Output the run of lines that opens with the first line of the material below and closes with the line containing "Top Hairdressers in Cambridge at REEDS Hair", both included, and drop the pictures.

╭──

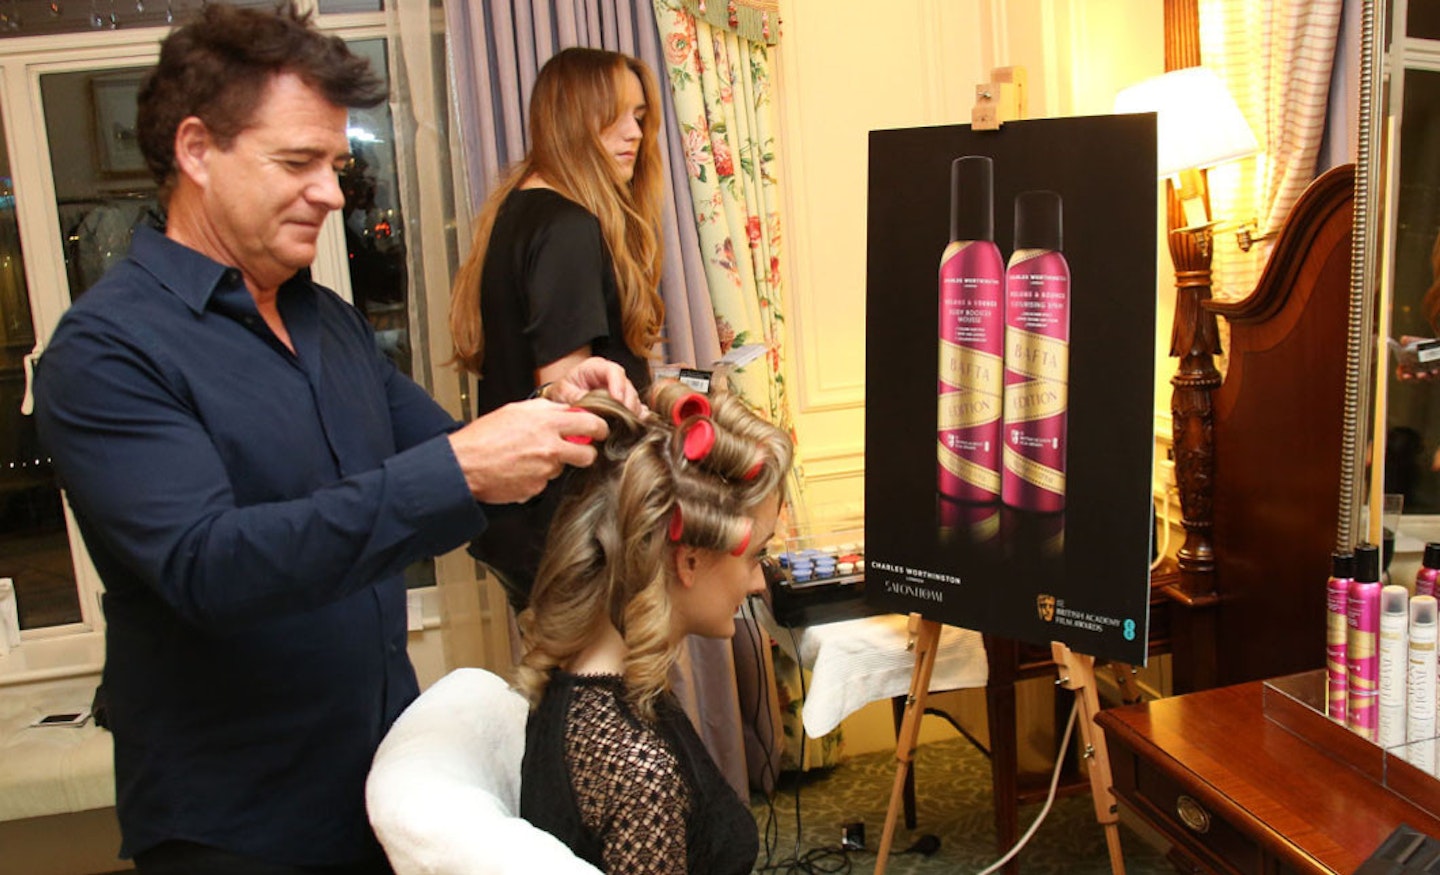 Charles doing Team Grazia's hair at The Savoy
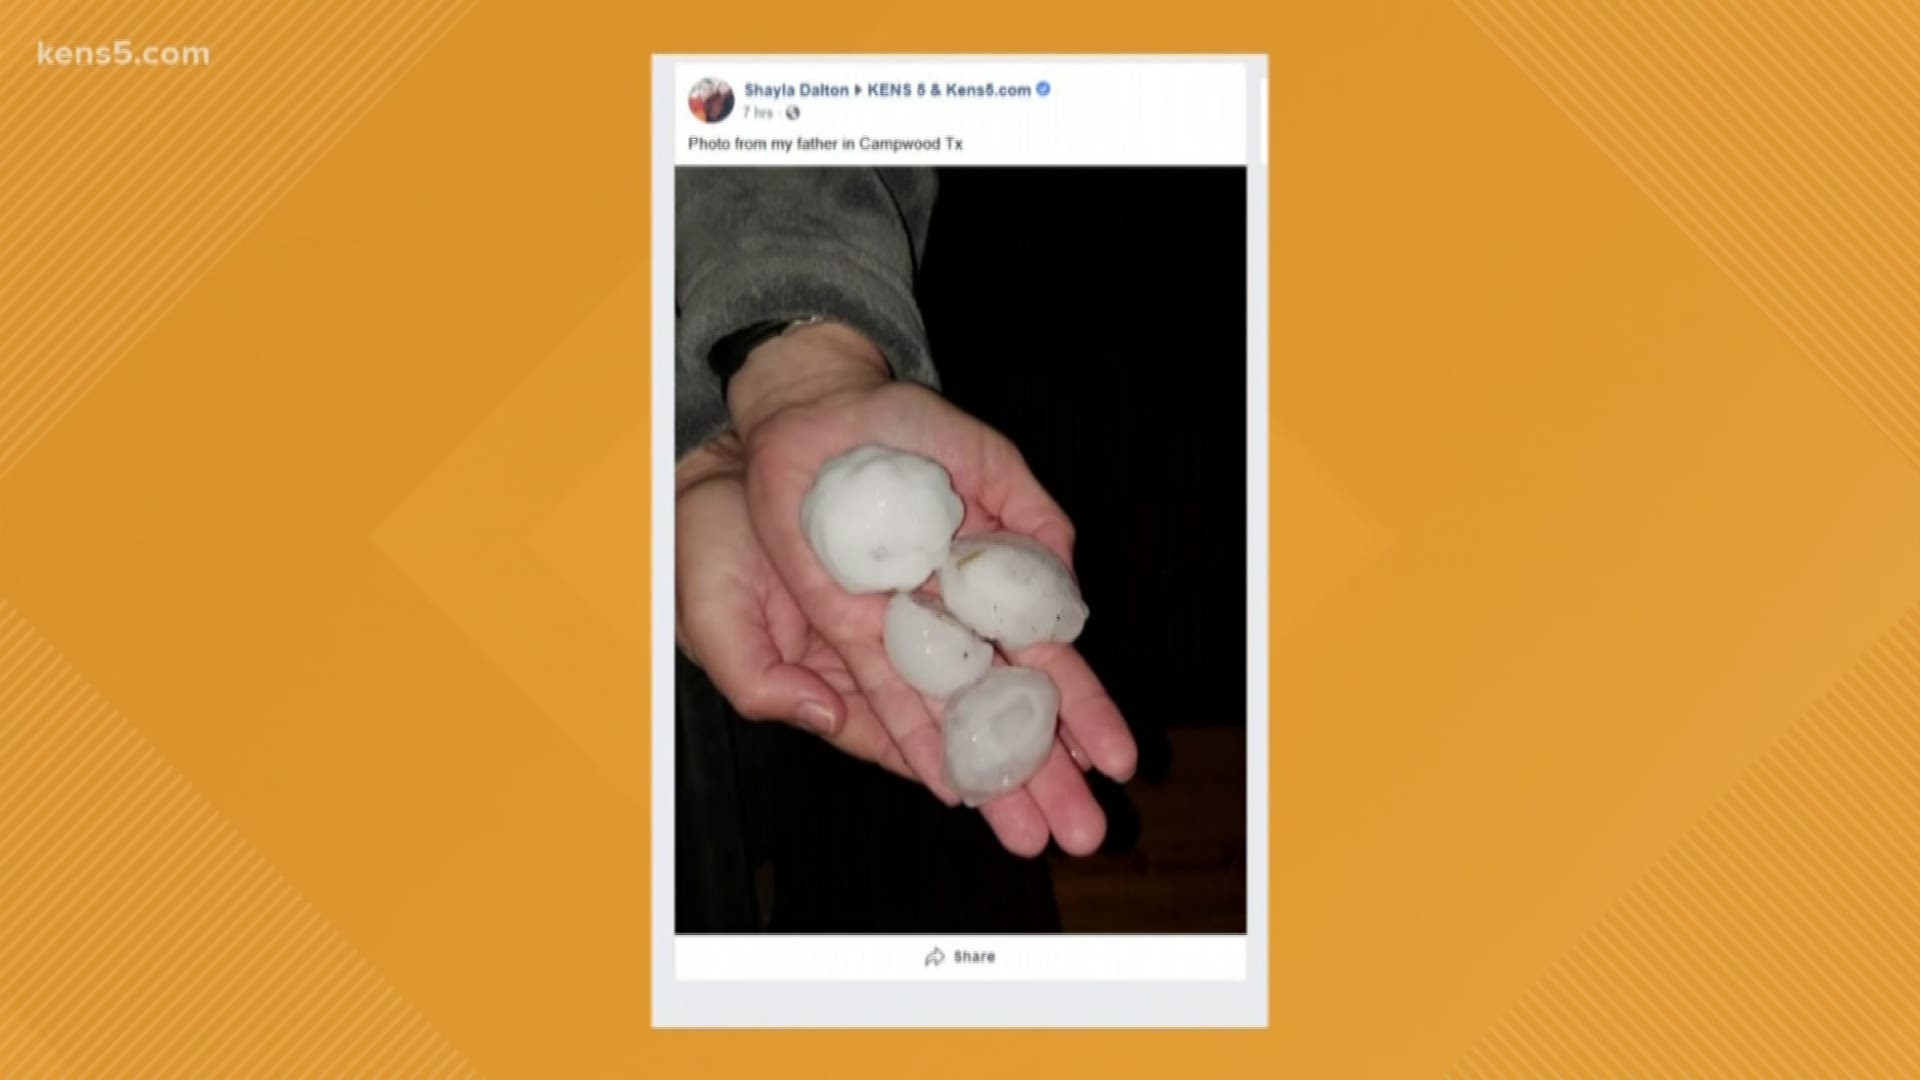 The weather has died down by Thursday morning, but some parts of the area saw hail late Wednesday night.
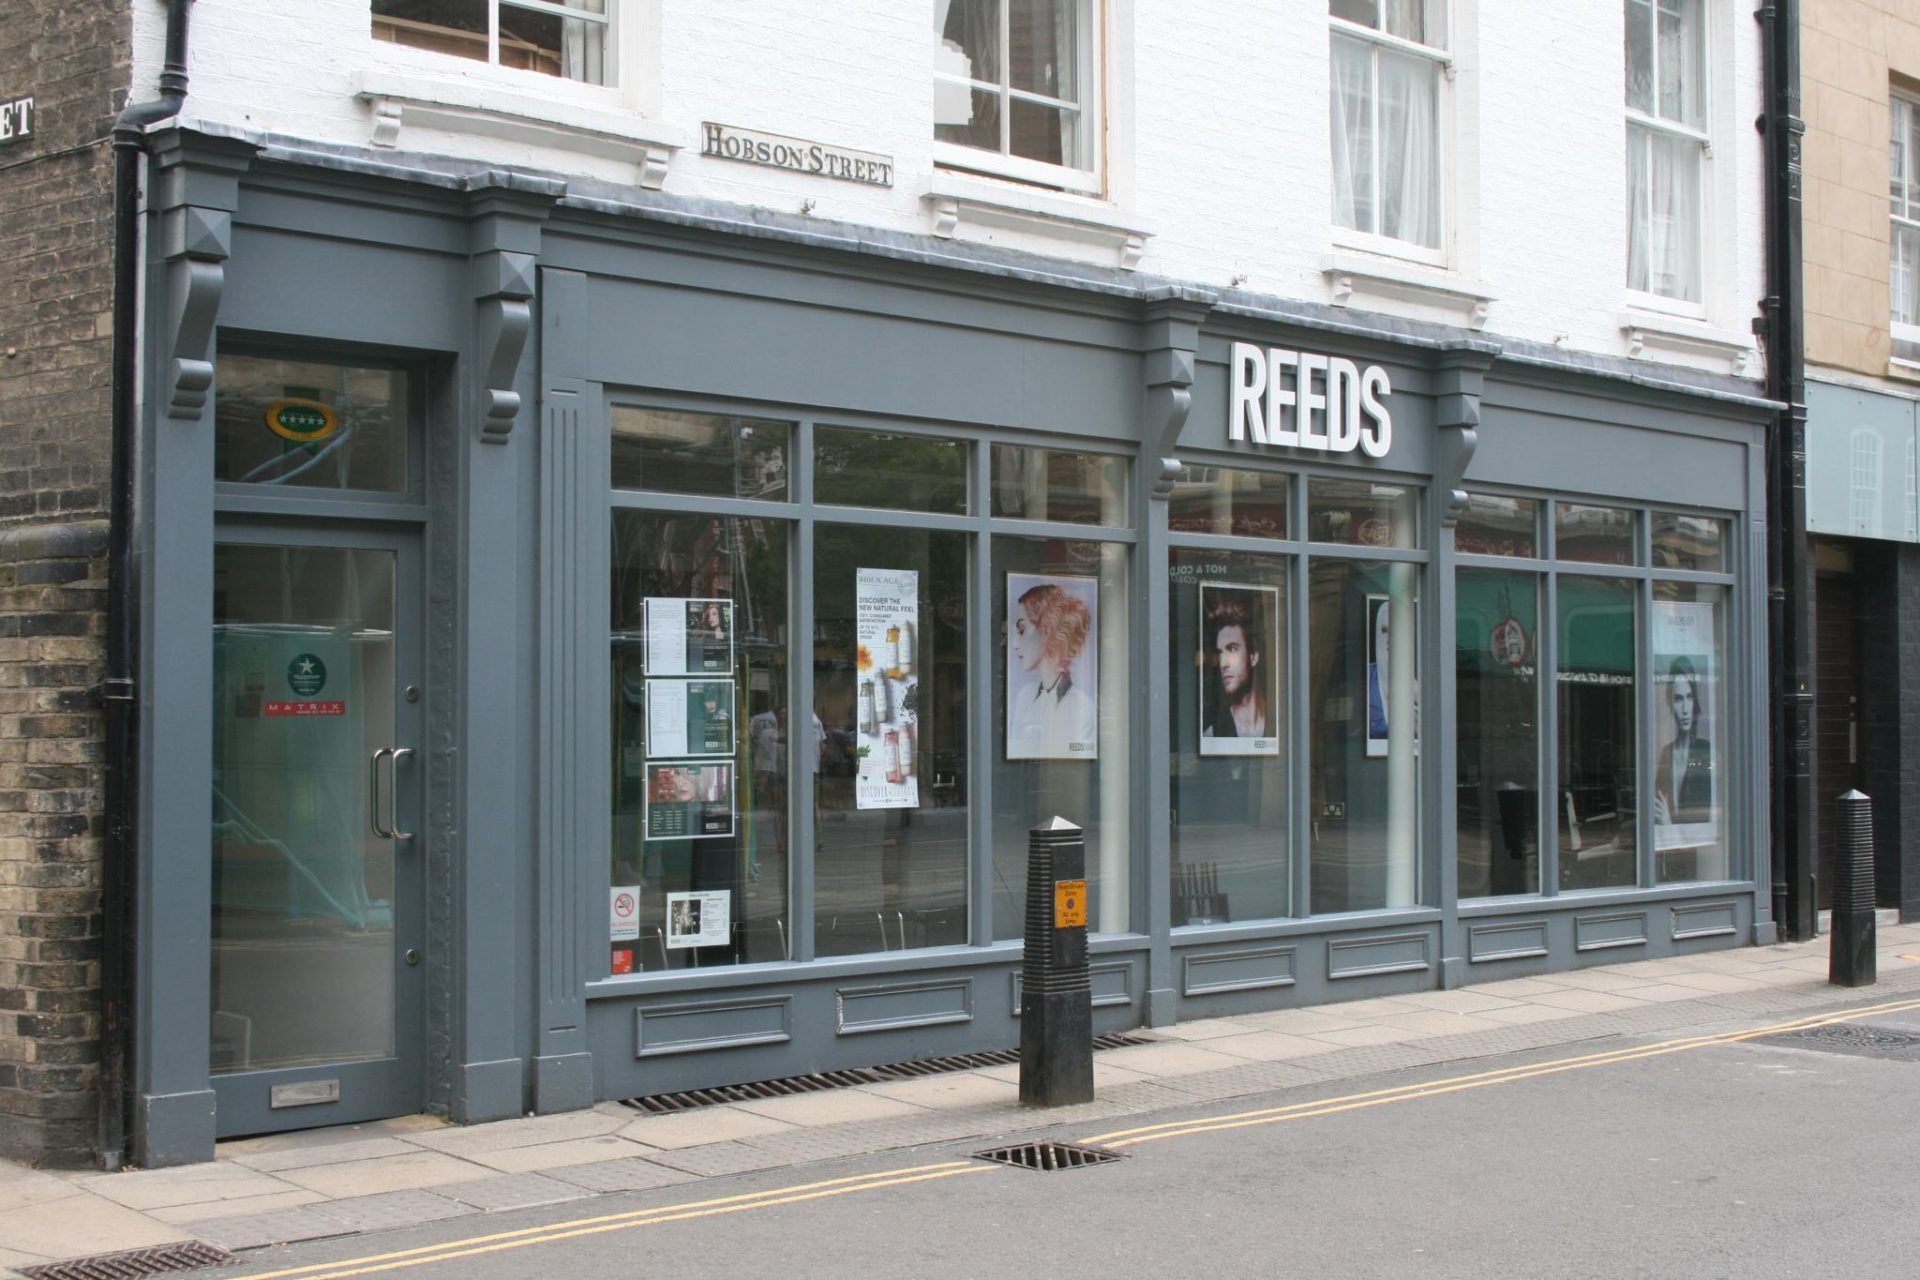 Top Hairdressers in Cambridge at REEDS Hair
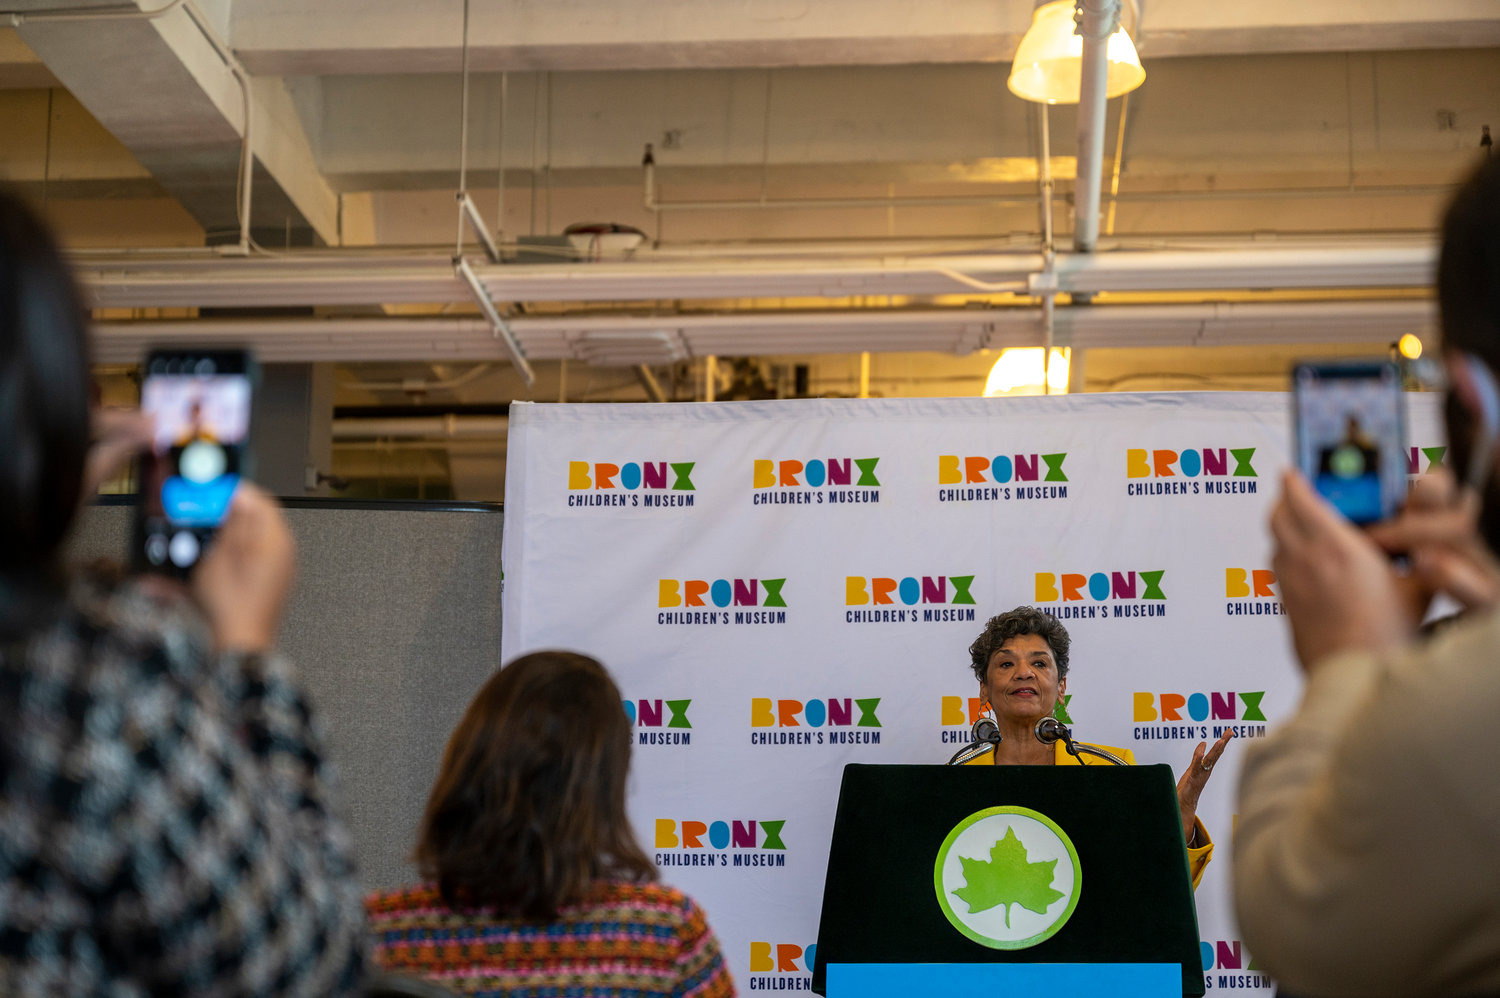 Sonia Manzano, who spent nearly 45 years as Maria on the PBS educational show ‘Sesame Street,’ says facilities like the Bronx Children’s Museum go a long way in helping young kids learn, because ‘all you have to do is point them in the right direction, and watch them fly.’ The museum is expected to open next summer.
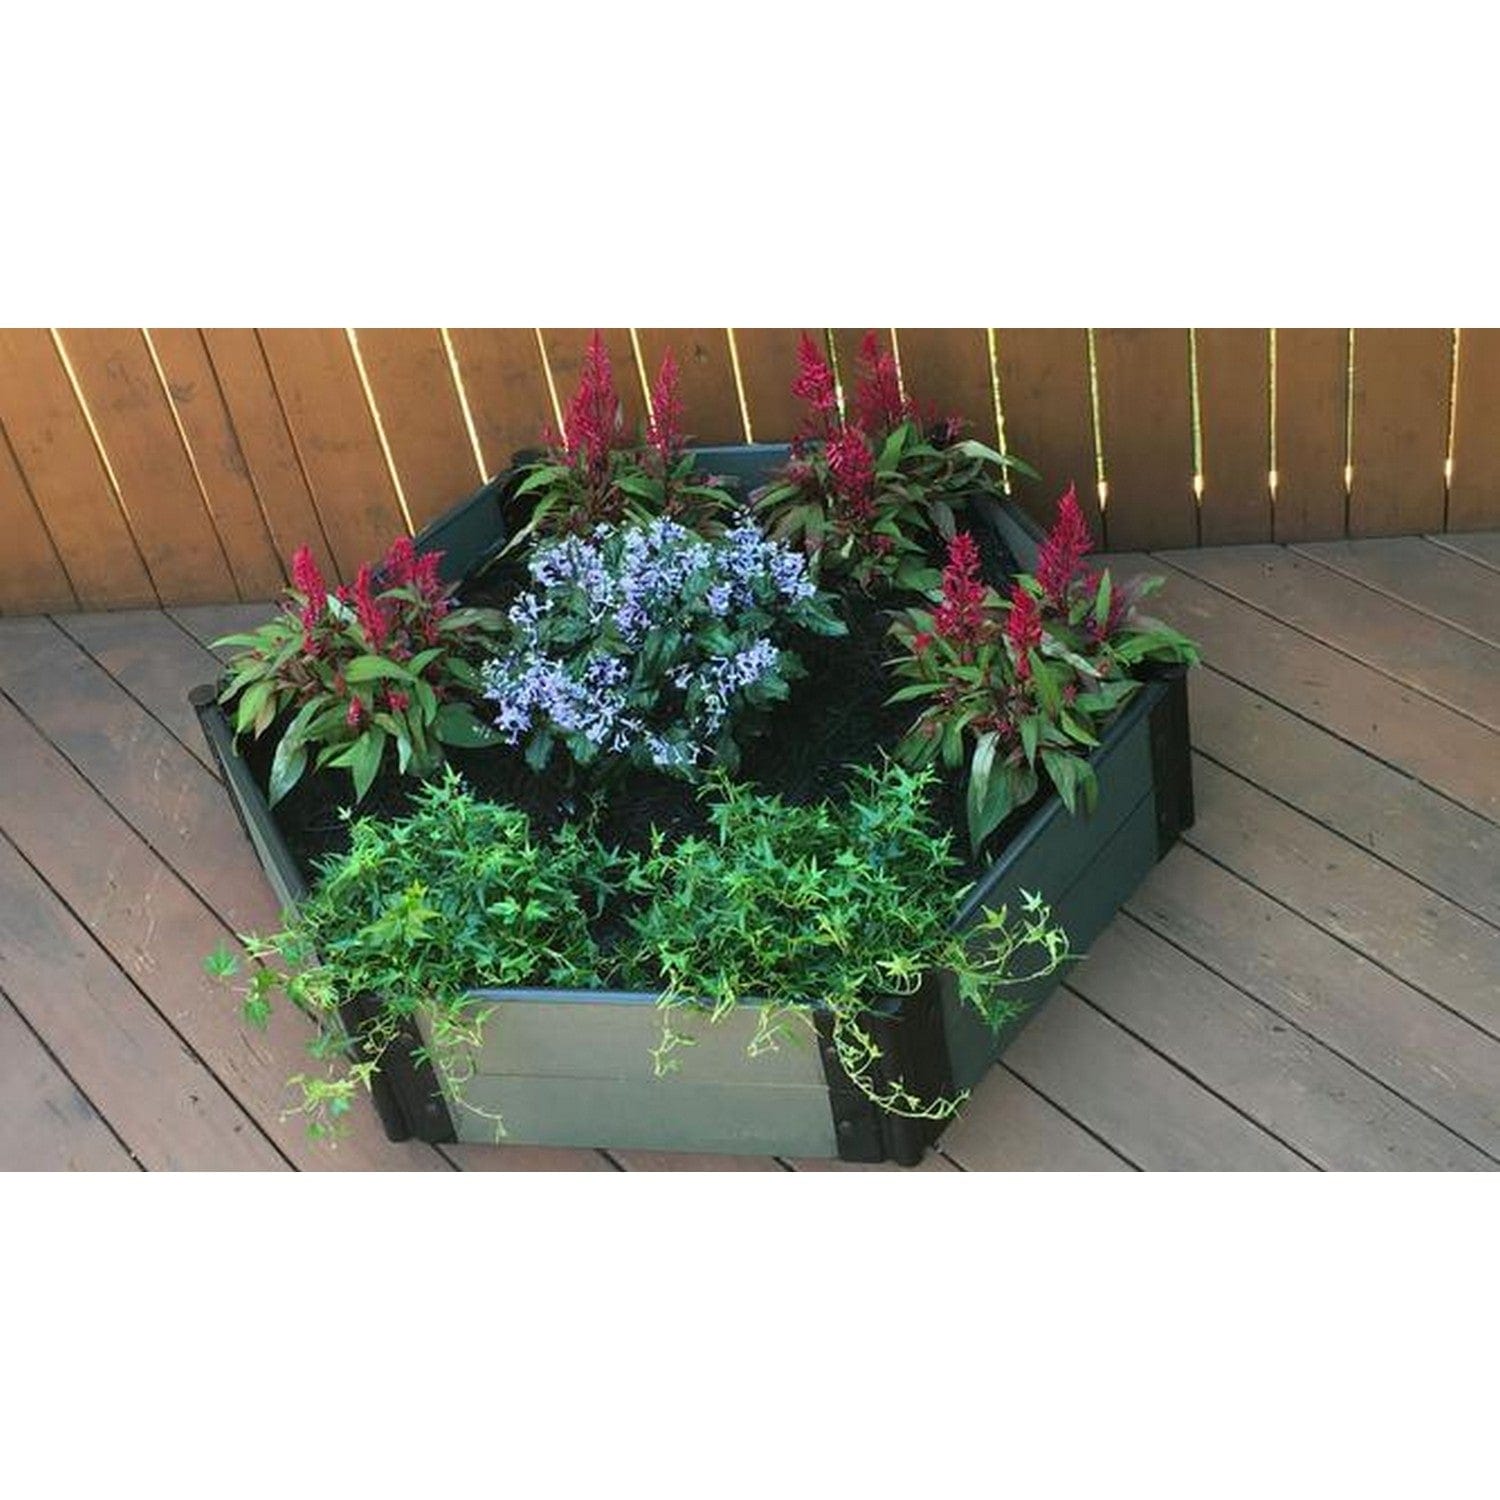 Frame It All Gardening Accessories Frame It All | Tool-Free Fort Jefferson Raised Garden Bed (Hexagon) 4' X 4' X 16.5" - Weathered Wood - 1" Profile 200003468

╰──

RESULT BELOW:
 Charles doing Team Grazia's hair at The Savoy
 The weather has died down by Thursday morning, but some parts of the area saw hail late Wednesday night.
 Top Hairdressers in Cambridge at REEDS Hair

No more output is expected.